= Rozz Tox Manifesto =

1979 essay by Gary Panter

The Rozz Tox Manifesto is a 1979 essay by visual artist Gary Panter in which Panter rejects the notion of the artist as bohemian; instead, an artist is encouraged to work within capitalism to reach a larger market.

==Effects on culture==
The essay influenced Panter's friend Matt Groening, who later went on to become the creator of The Simpsons.

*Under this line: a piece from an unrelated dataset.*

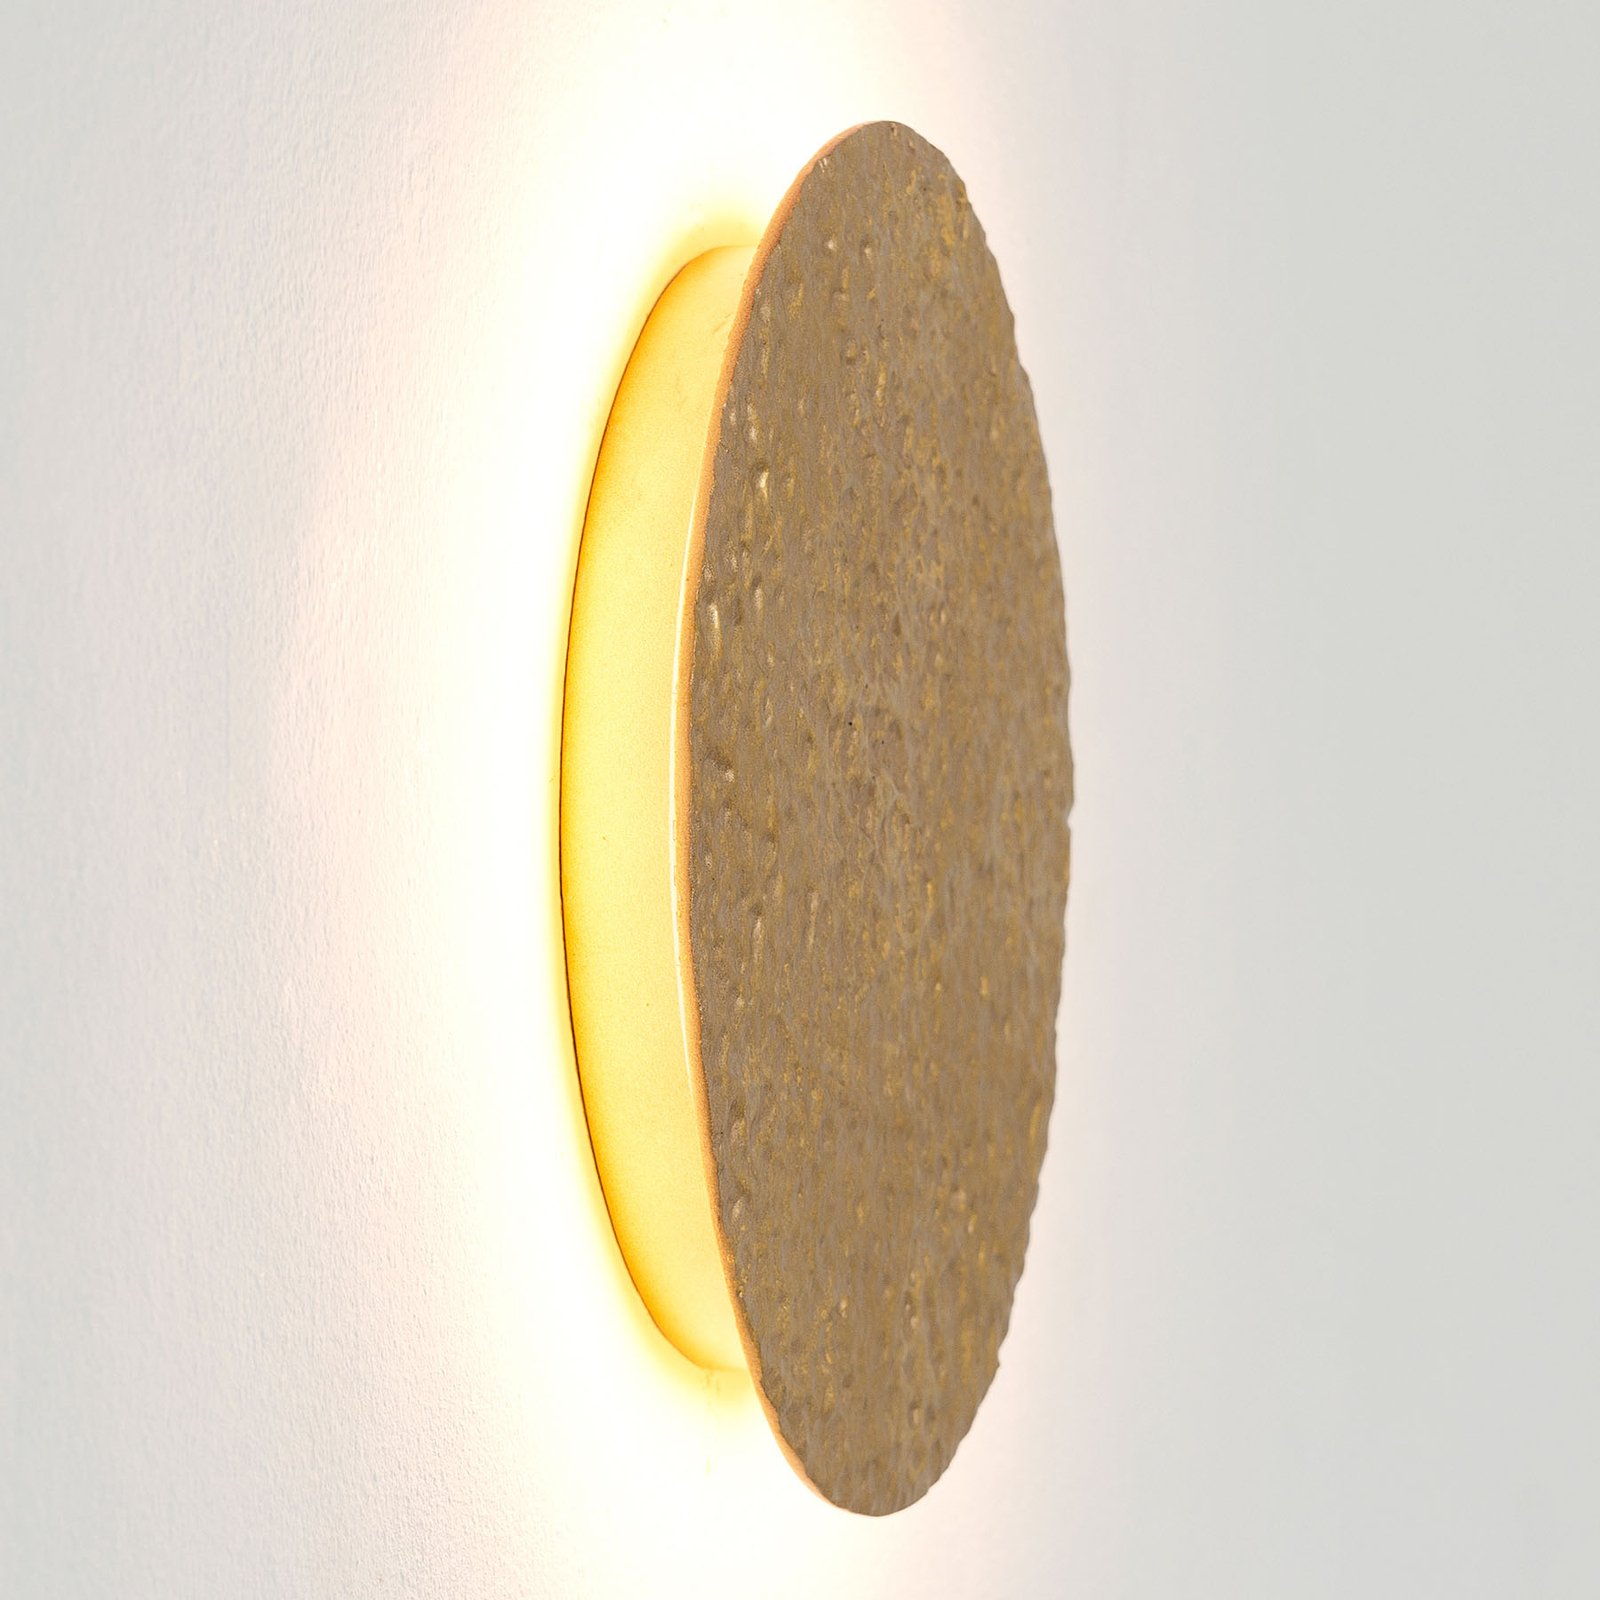 LED-Wandleuchte Meteor, Ø 19 cm, gold

In Matt Howarth's comic Stalking Ralph, the musical group The Residents are portrayed as being created by a "Rozz Tox Virus", whose ultimate goal is to constantly mutate to avoid becoming part of mainstream culture. While the text of the manifesto does not appear in the comic, an alien creature declares, "The underground becomes the establishment", and that the reason The Residents change their band identity so often is to remain underground and to avoid becoming establishment. Howarth's interpretation of Rozz Tox is different from Groening's. While Groening has worked within a capitalist system to create and to perpetuate successful merchandising, Howarth's characters are specifically avoiding "selling out" and avoiding popular acceptance.

The manifesto is the namesake of outsider art gallery, venue, and café Rozz-Tox in Rock Island, Illinois. The café is a favorite stop among touring musicians and is known for events that are unique to the Quad Cities area, with special programming dedicated to hosting international experimental artists.